§ **DATA LISTING**

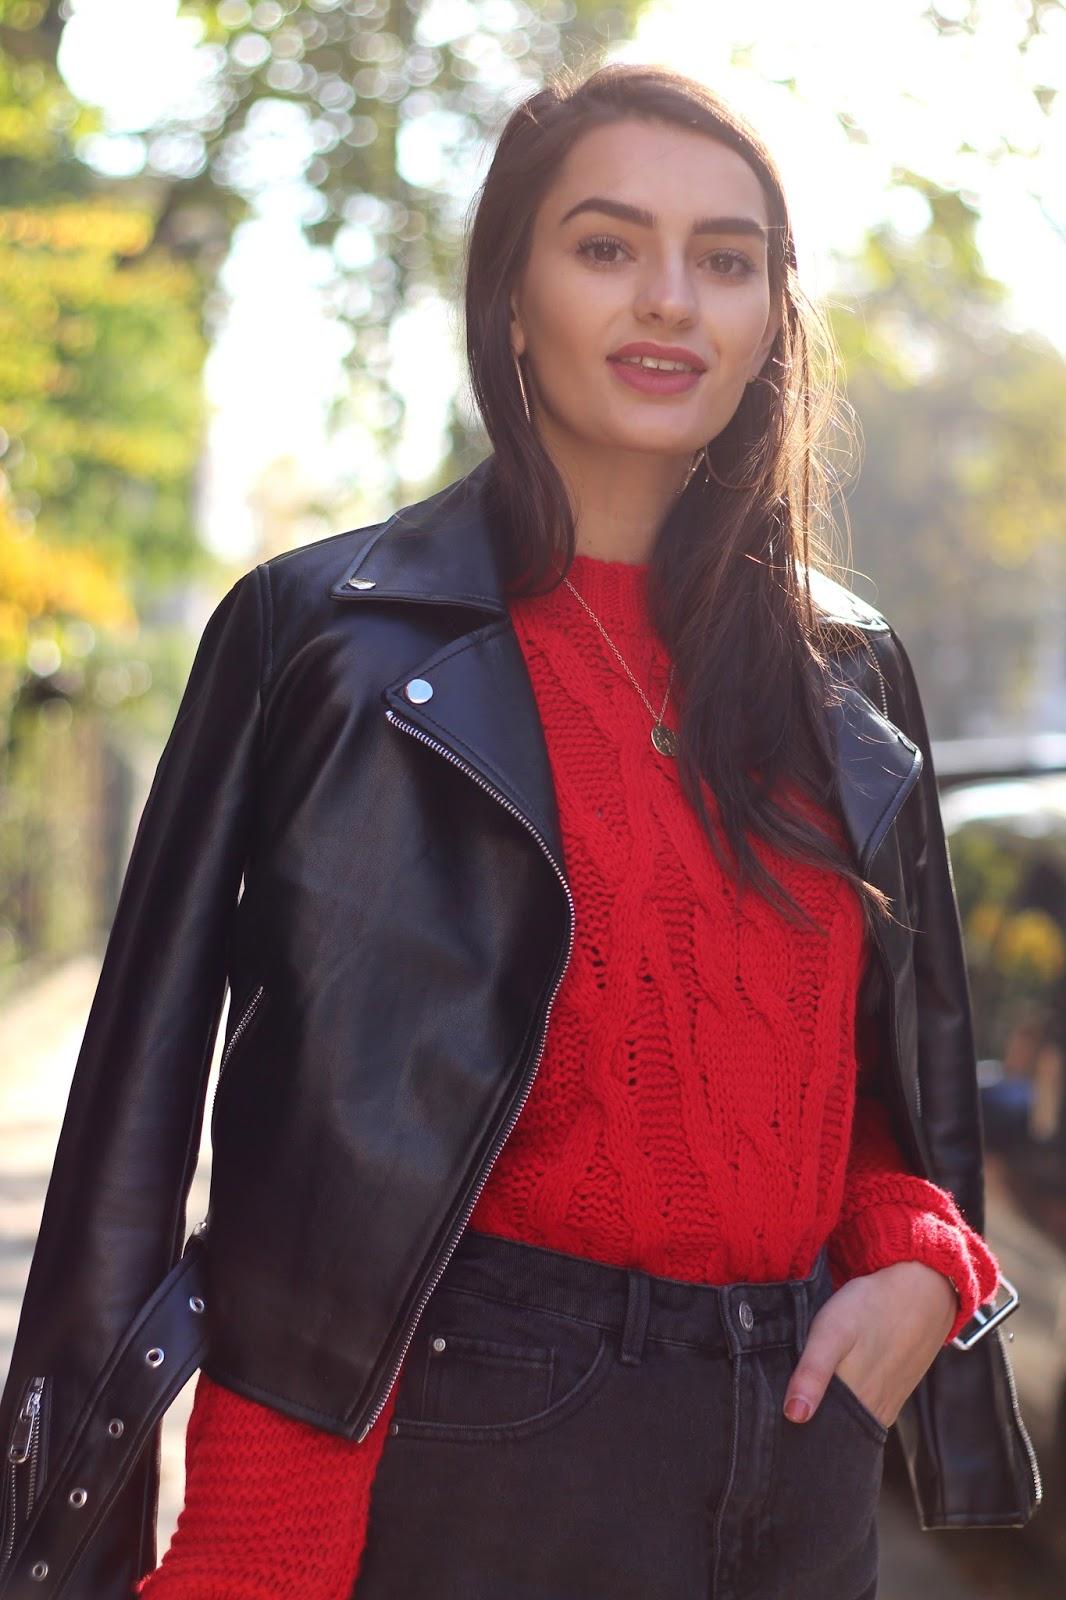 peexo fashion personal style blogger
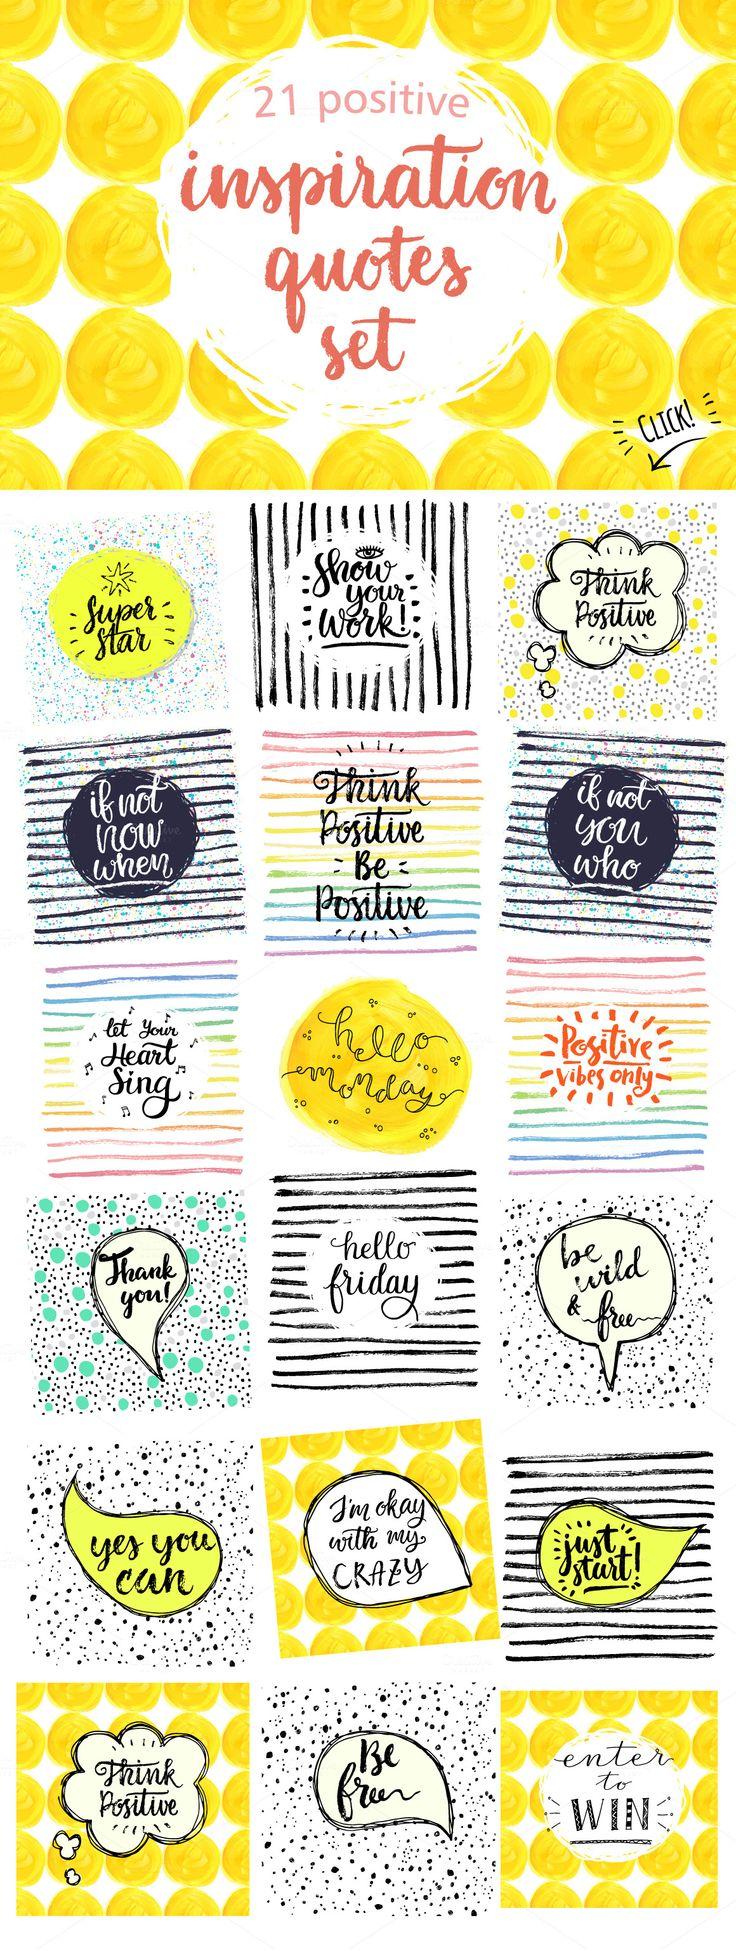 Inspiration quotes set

==

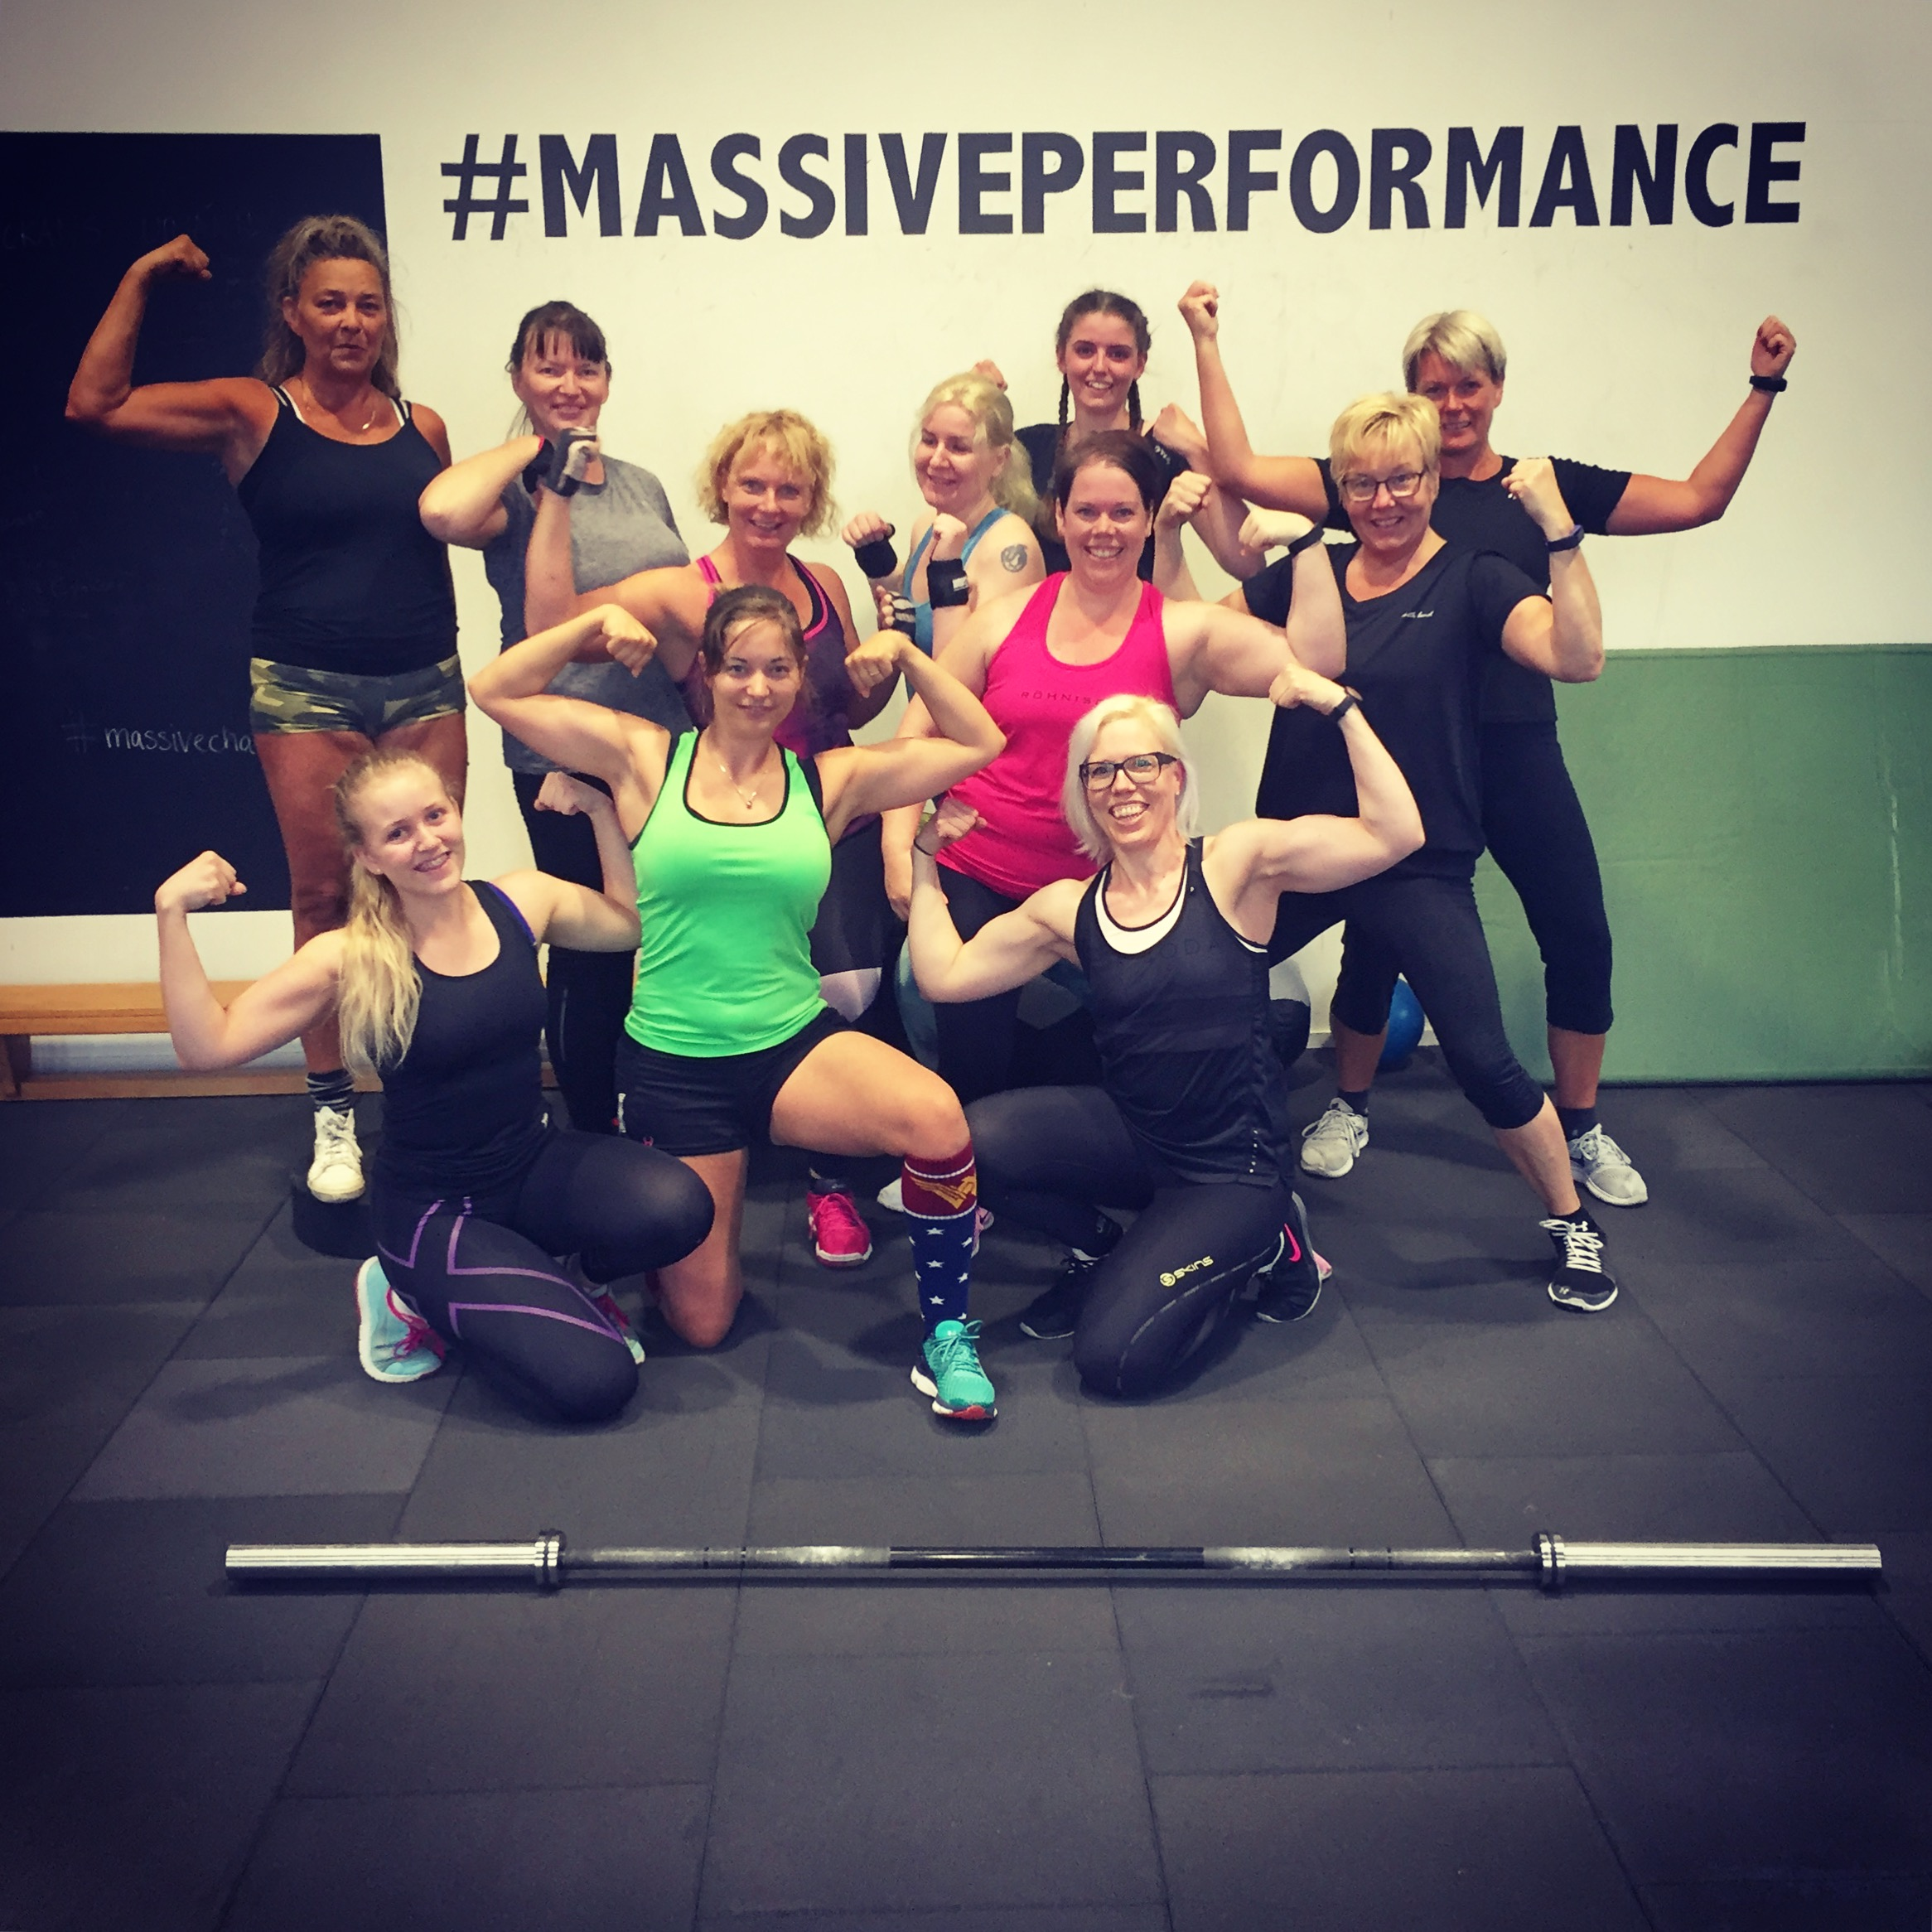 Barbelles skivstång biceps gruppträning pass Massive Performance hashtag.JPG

§ **PROBLEM**
Beginning with the line that contains "peexo fashion personal style blogger", write out the lines of the material above exactly, and end with the line that contains "Inspiration quotes set". Omit the pictures.

§ **SOLUTION**
 peexo fashion personal style blogger
 Inspiration quotes set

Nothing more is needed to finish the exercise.